The first batch, admitted July 2, included Luno Fintech Nigeria, Bitbarter Technologies, GetEquity, Koinkoin Global Network, Wrapped CBDC, Trovotech, and Blockvault Custodian. A second batch admitted the following day added GIGX Technologies and KuCoin Nigeria Limited. Each company received Approval-in-Principle, allowing them to operate within ARIP’s defined scope under SEC supervision while working toward full licensing. The SEC was explicit that an Approval-in-Principle is not a final licence and remains conditional on continued compliance.

Why the SEC Is Moving Now

The numbers make the urgency plain. Nigeria received approximately $92.1 billion in digital asset value between July 2024 and June 2025, making it one of the world’s largest markets for Bitcoin and other digital assets by volume. Yet fewer than three million Nigerians invest in the country’s formal capital market. SEC Director-General Emomotimi Agama has publicly acknowledged the gap: an appetite for risk clearly exists among Nigerians, but not the trust or access to channel it into the productive sector. ARIP is the SEC’s attempt to build that trust through a structured, supervised on-ramp.

The timing also follows the enactment of the Investments and Securities Act 2025, which formally classified virtual assets as securities under Nigerian law for the first time, giving the SEC explicit statutory authority over Bitcoin and digital asset exchanges as recognised financial market infrastructure rather than unregulated technology platforms.

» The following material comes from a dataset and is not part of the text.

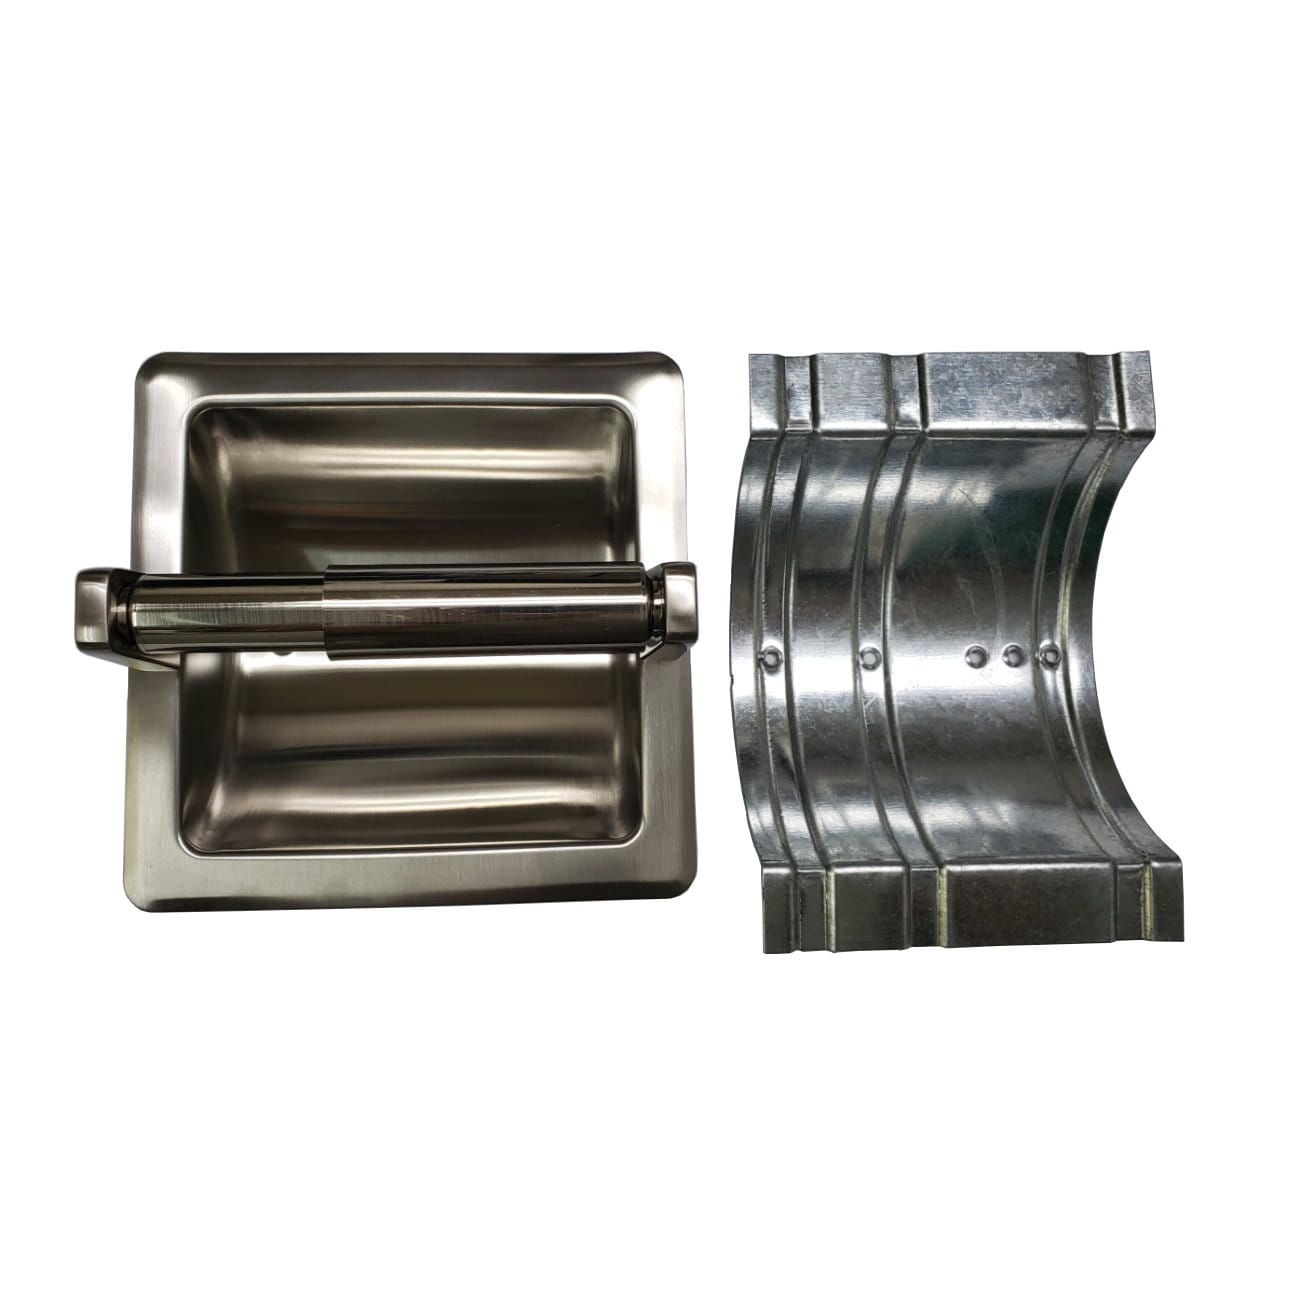 304 Stainless Steel Recessed Toilet Paper Holder (brushed Nickel

Luno's Milestone and What It Signals

Among the new admissions, Luno Fintech Nigeria is notable for a specific reason: it is the first digital assets exchange with a global operational footprint to be admitted into ARIP. Luno, founded in Africa in 2013 and operating in Nigeria since 2015, described the approval as a significant regulatory milestone following an extensive engagement process with the SEC. The company said the clarity supports its focus on institutional and business-to-business opportunities, including stablecoin applications, treasury solutions, and secure digital asset infrastructure for banks and payment providers.